During reassembly it became apparent that the second iron holder is designed to mount to the rear of the chassis via two of the Allan screws. I’m leaving it off for now.
Build quality
I’m impressed as to what you get for the money. I mean it’s not a Hakko, but the one I got isn’t falling apart like some other cheep irons I’ve seen reviewed. YMMV depending on the QC at the time other units are built. In mine the PC board was mounted upside down. Perhaps this is for the AUS-NZ market?…
So is it worth buying?
Yes I think so as long as you take the limitations into consideration. Heck, this thing is cheaper than many single temp soldering pencils. It heats fast and is temperature controlled to boot.
Add in the possibility of using one of many T12 compatible tips is just icing on the cake (or should I say flux on the joint?).
For occasional hobby use? Or a second (or third) iron to keep at another location? Go for it!
Is it better than the zillion or so other versions that sell for close to this price? Haven’t a clue. But it’s one of the lowest cost ones out there.

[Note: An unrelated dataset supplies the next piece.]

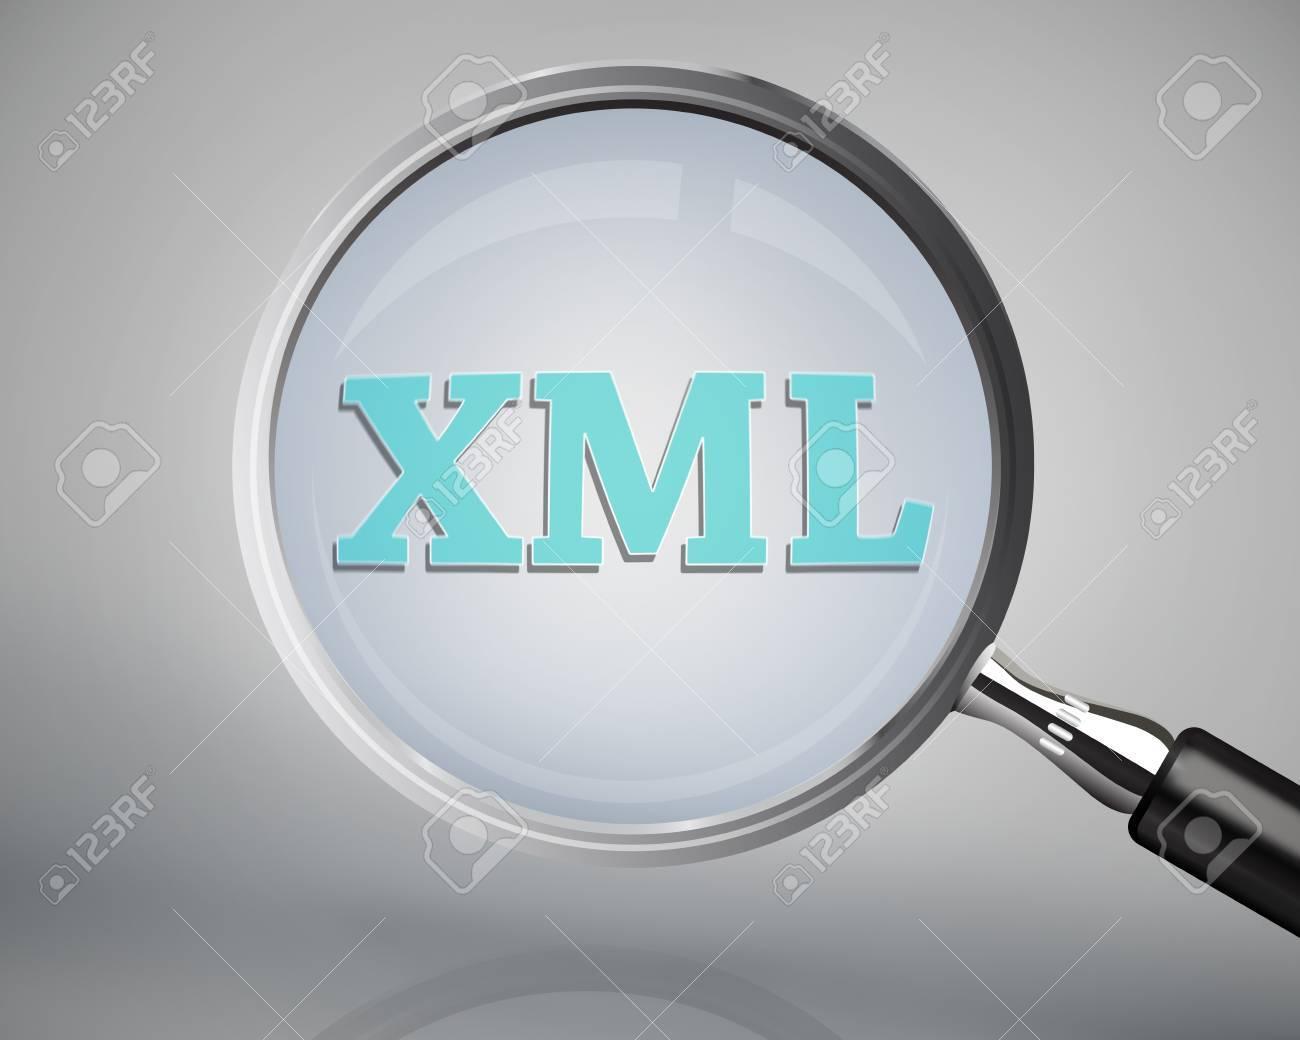 Background image xml - Magnifying Glass Showing Xml Word On Grey Background Stock Photo 26704203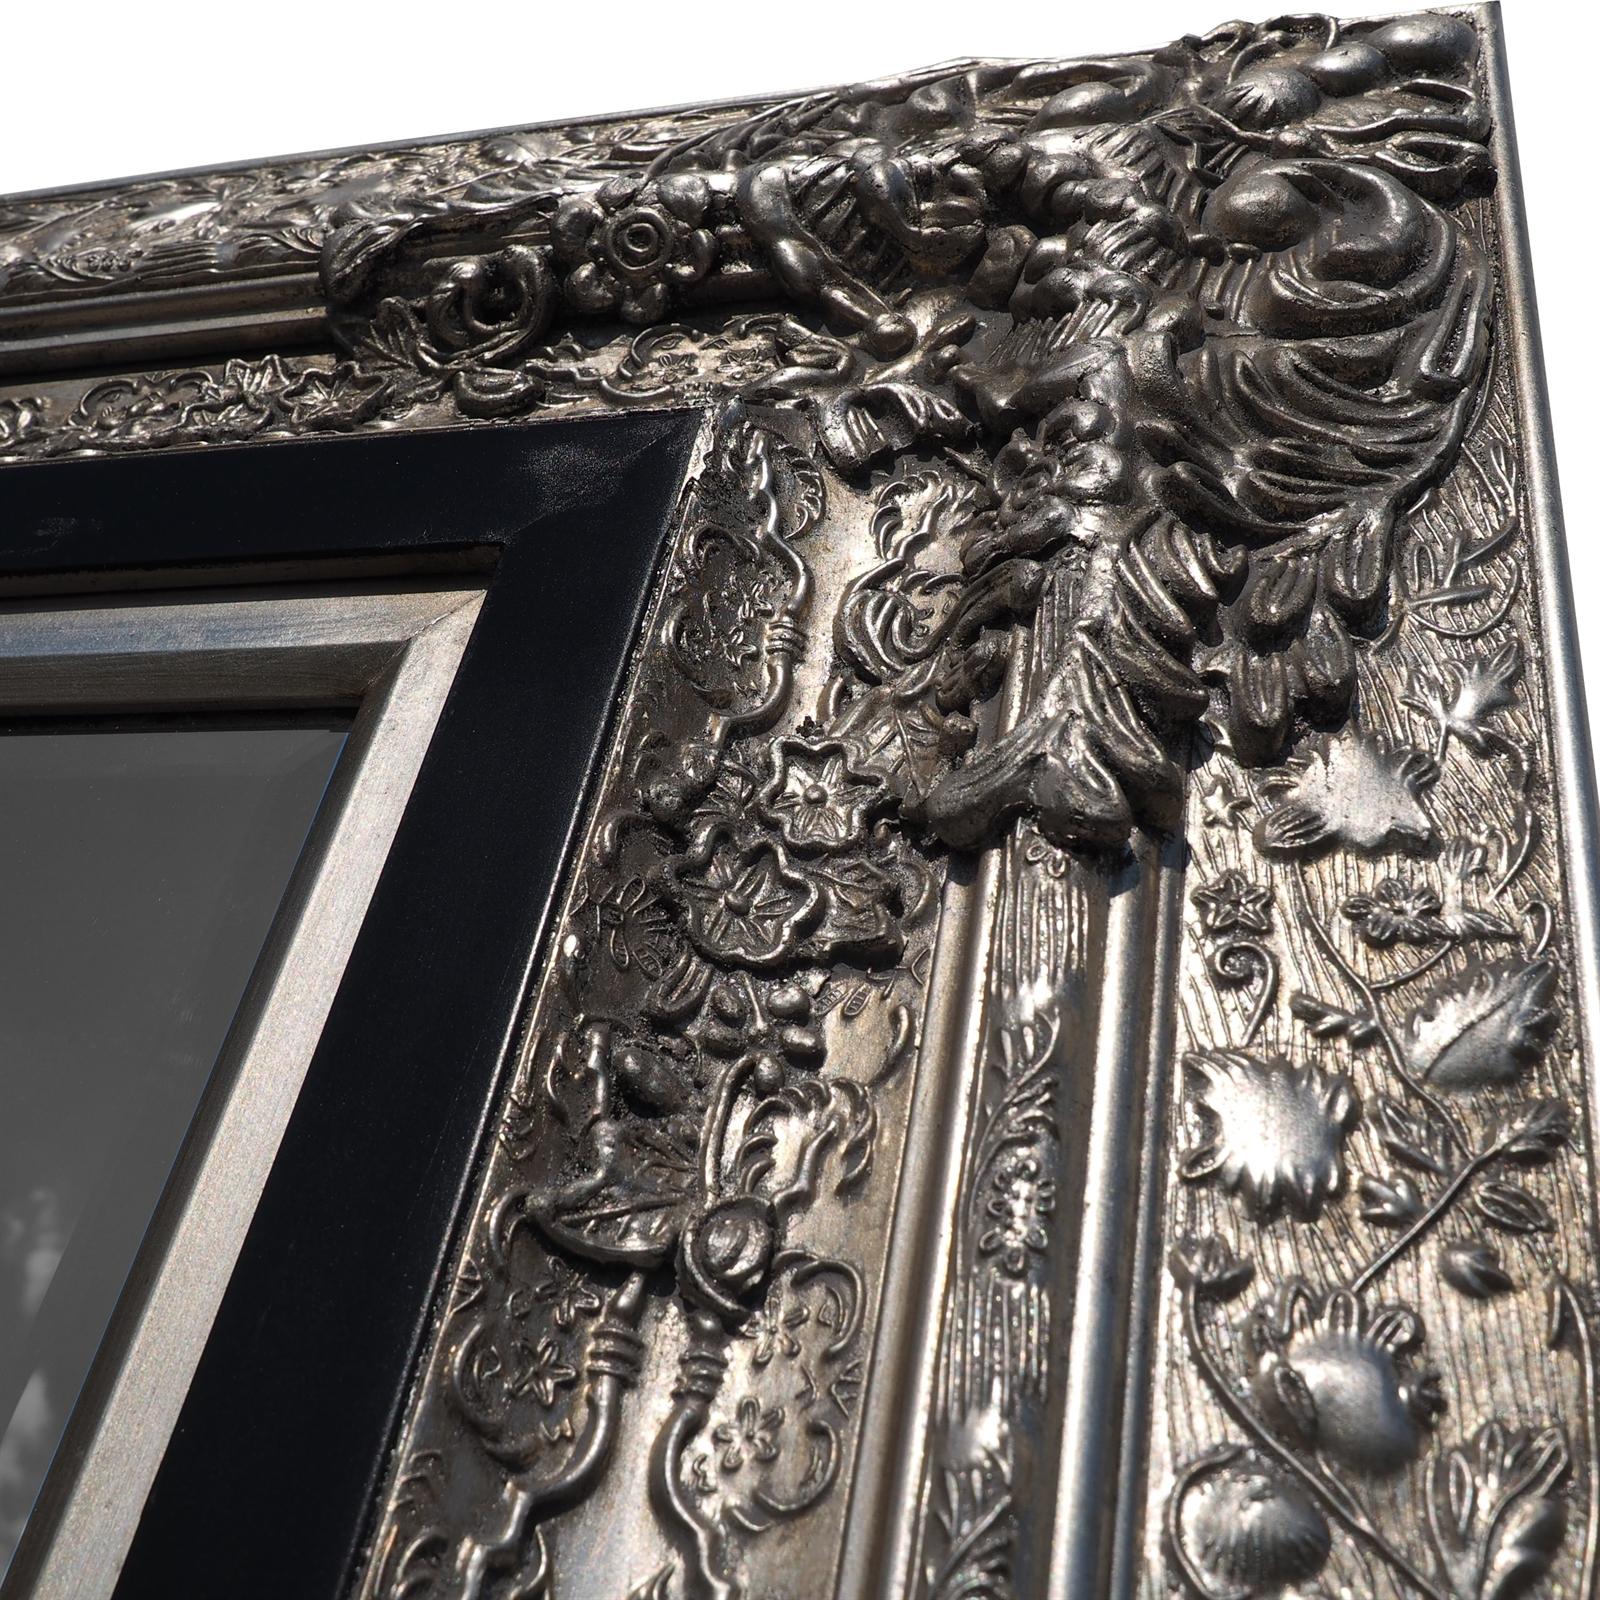 grosser barock wandspiegel laura silber 101x191cm edler ankleidespiegel eur 299 00. Black Bedroom Furniture Sets. Home Design Ideas

So, yer pays yer money and yer takes yer chances.
Make the mod to ground the chassis and away you go.
BUT – If this is going to be used a bunch, I think I’d spring for the more expensive version where there is access to, and directions for, the additional features.
What I really need is a good cheep desoldering station. I’ve got a spring loaded solder sucker, but I’d like something better. If the price was right.
Any of you found a cheep one that works?